To critics, the objections to the funding request raised by Republicans are hard to digest, especially in light of the recent uptick in Covid cases in the U.S. “Looking to save money on wasted doses is fiscal conservatism as pathology,” writes Jonathan Chait of New York Magazine. “The shortsightedness of this position is almost unfathomable. It is difficult to conceive of a less intelligent way to save the government money than to skimp on vaccines and therapeutics. The scale of the savings in vaccine subsidies is in the billions, and the cost of the pandemic is measured in trillions.”

Quotes of the Day

“We thought that if the economy performs about as expected, that it would be appropriate for there to be additional 50-basis point increases at the next two meetings, so. But I would just say, we have a series of expectations about the economy. If things come in better than we expect, then we’re prepared to do less. If they come in worse than when we expect, then we’re prepared to do more.”

– Federal Reserve Chair Jerome Powell, newly confirmed by the Senate to another four-year term as head of the central bank, confirming in an interview with Marketplace that interest rate hikes of a half percentage point are likely at each of the Fed’s next two meetings.

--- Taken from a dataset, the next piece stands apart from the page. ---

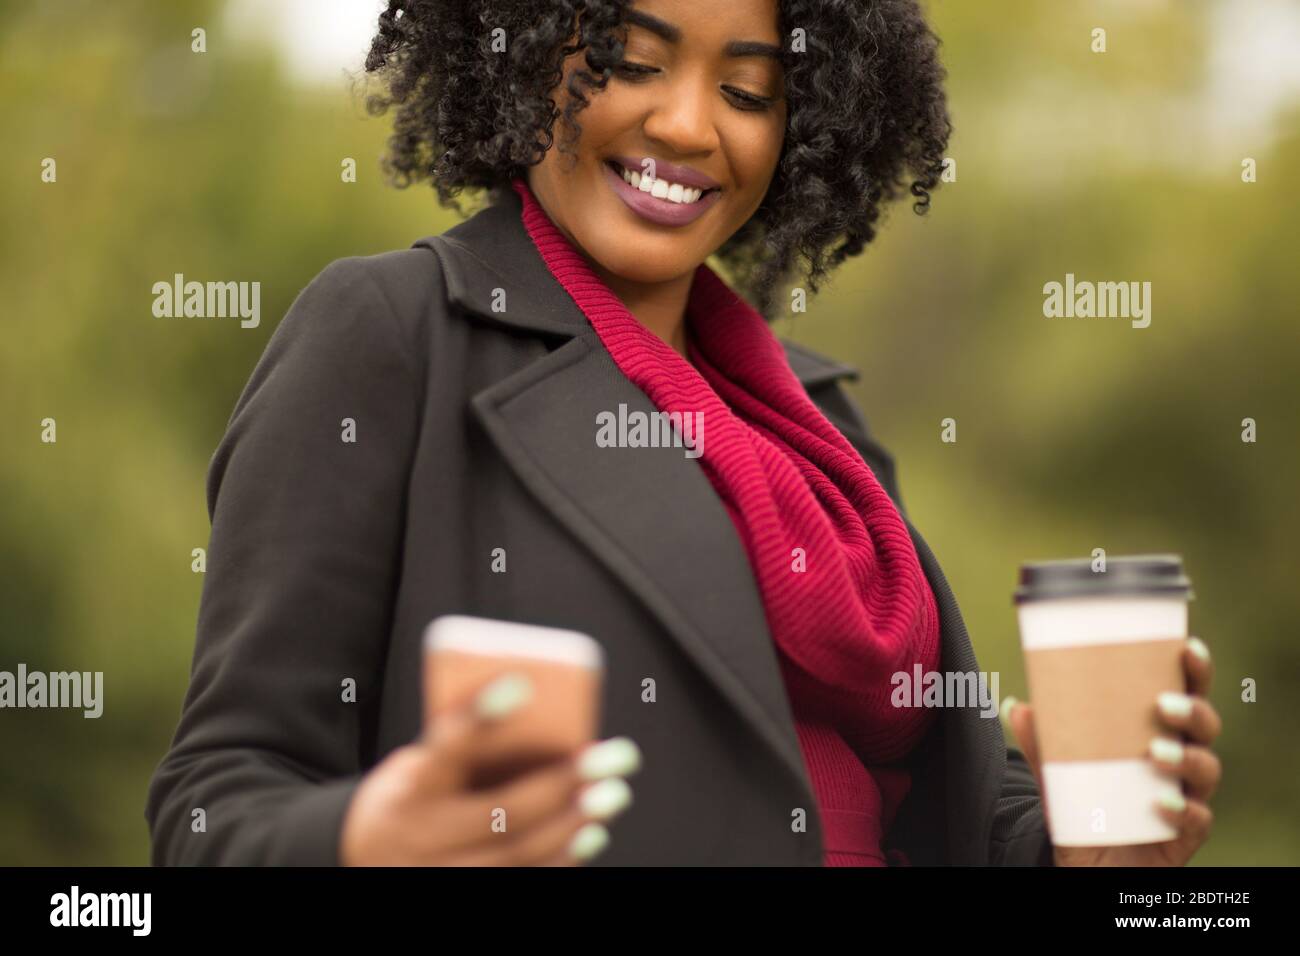 African American Woman texting and drinking coffee. Stock Photo

"Nobody has been stupid enough to say them out loud, let alone put them in a plan and put it on a website.

Rodell Mollineau, a Democratic strategist and partner at the bipartisan firm Rokk Solutions, as quoted by Roll Call about an 11-point plan released earlier this year by Sen. Rick Scott (R-FL) that called for all Americans to pay some federal income tax and for all federal laws to sunset or be renewed after five years. Democrats, including President Biden, have hammered the plan and sought to portray it as indicative of what Republicans would do if they win control of Congress. Roll Call reports that the Democratic National Committee is launching a Facebook ad campaign aimed at seniors in Senate battleground states and focused on the Scott plan. The senator, meanwhile, is reportedly launching his own ads in which he says: "I’ve got a plan to rescue our country. Washington hates it. That’s how you know it’s good."